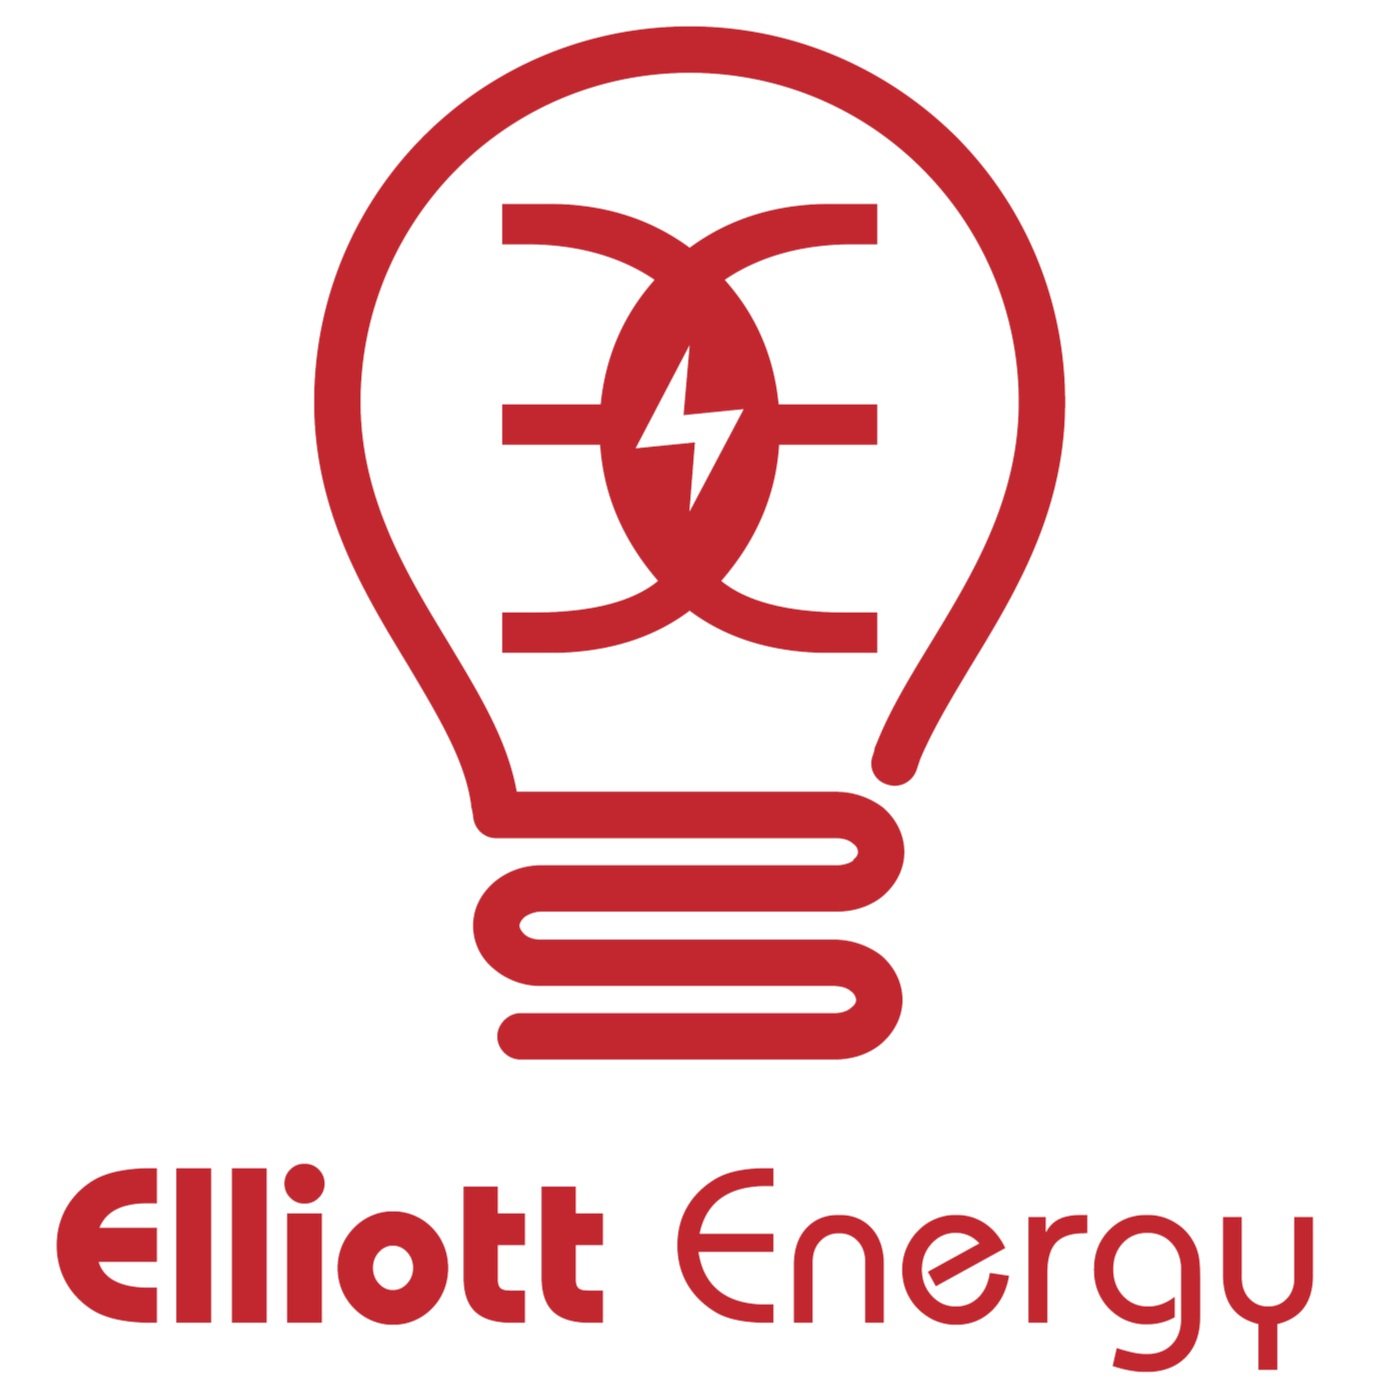 Elliott Energy
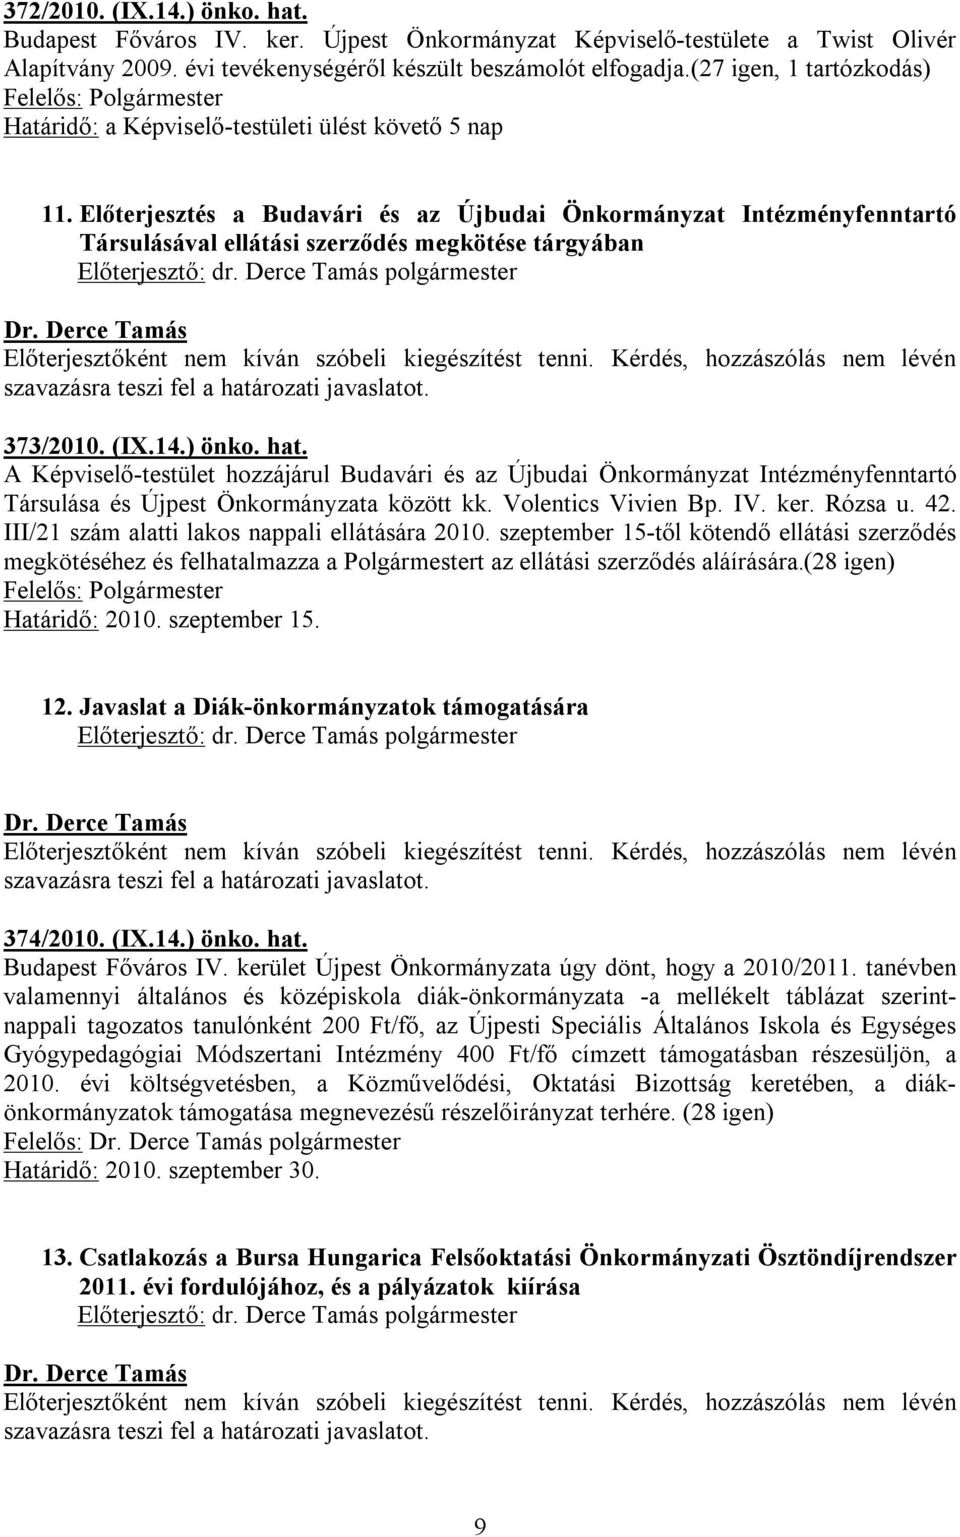 Előterjesztés a Budavári és az Újbudai Önkormányzat Intézményfenntartó Társulásával ellátási szerződés megkötése tárgyában 373/2010. (IX.14.) önko. hat.
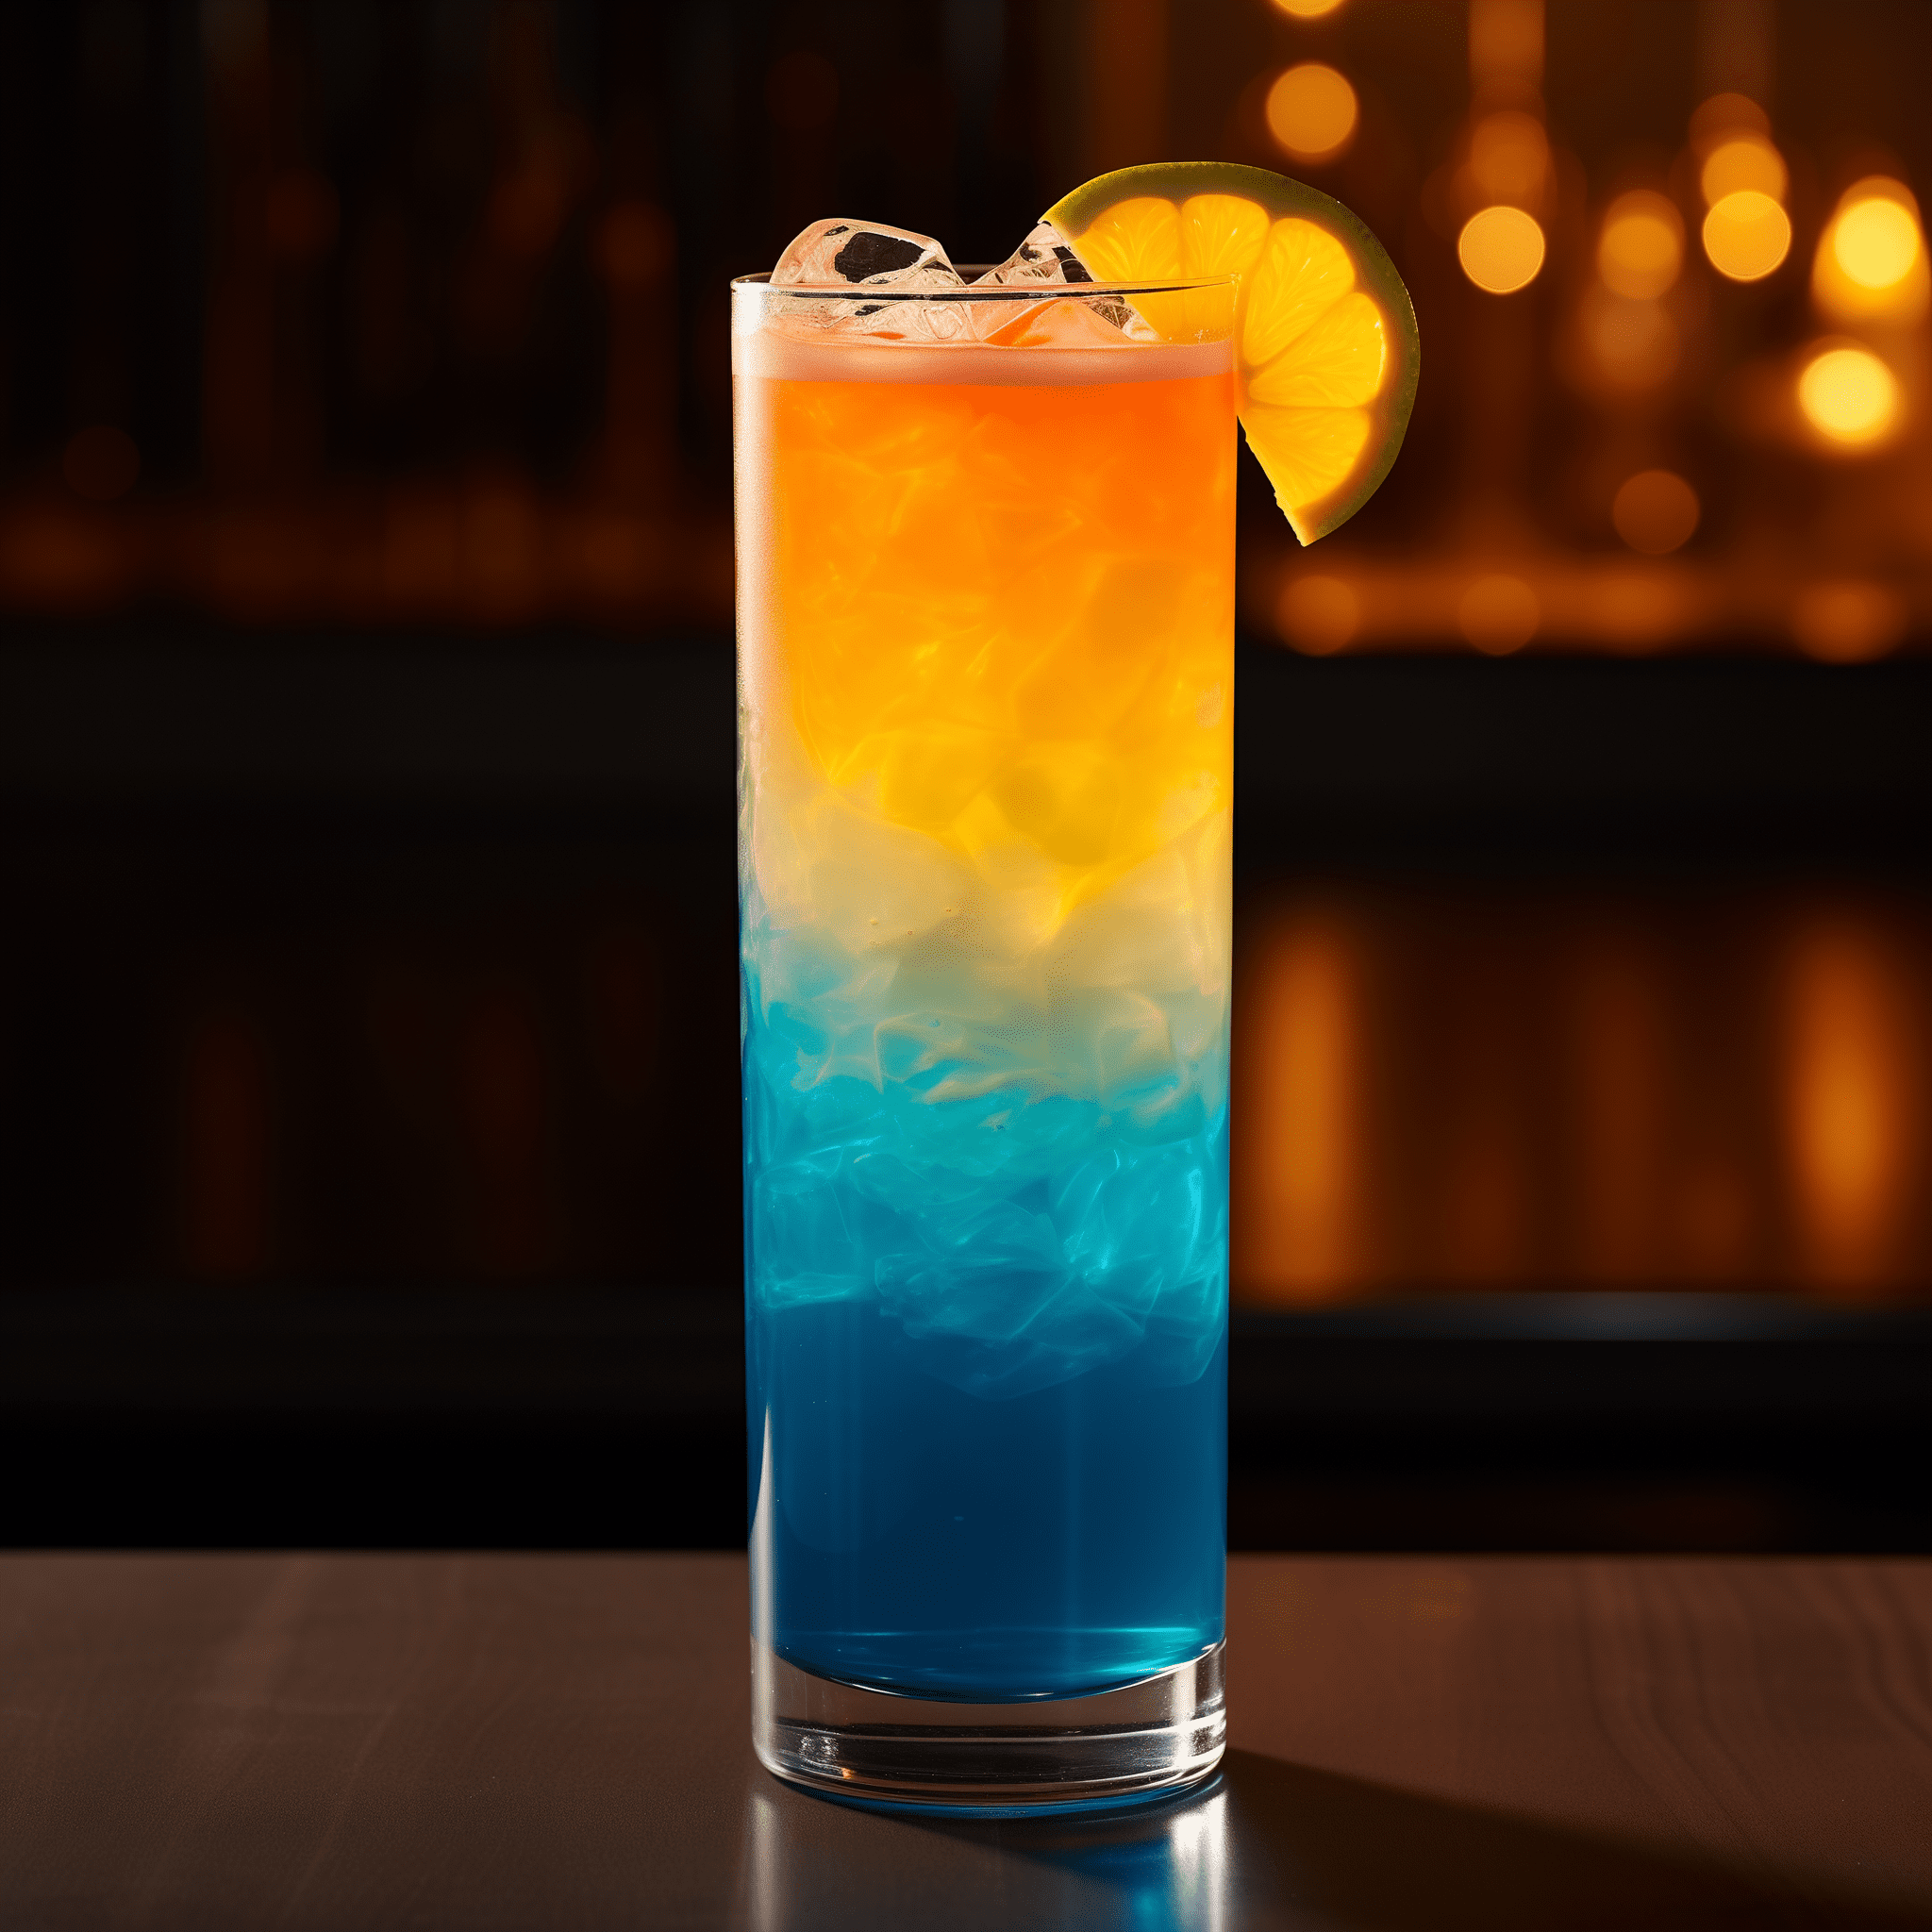 Blue Booty Cóctel Receta - El cóctel Blue Booty es una deliciosa fusión de sabores dulces y picantes, con un fuerte golpe de la combinación de rones blanco y oscuro. El ron Malibu añade un suave matiz de coco, mientras que el curaçao azul aporta una nota cítrica de naranja que complementa los jugos tropicales de piña y naranja. Es una bebida fuerte pero equilibrada con un sabor afrutado y refrescante.

Problem statement — From the line that contains "Előterjesztés a Budavári" to the end of the material above, output every line exactly, both ends included, but leave out any pictures.

Solution below —
 Előterjesztés a Budavári és az Újbudai Önkormányzat Intézményfenntartó Társulásával ellátási szerződés megkötése tárgyában 373/2010. (IX.14.) önko. hat.
 Blue Booty Cóctel Receta - El cóctel Blue Booty es una deliciosa fusión de sabores dulces y picantes, con un fuerte golpe de la combinación de rones blanco y oscuro. El ron Malibu añade un suave matiz de coco, mientras que el curaçao azul aporta una nota cítrica de naranja que complementa los jugos tropicales de piña y naranja. Es una bebida fuerte pero equilibrada con un sabor afrutado y refrescante.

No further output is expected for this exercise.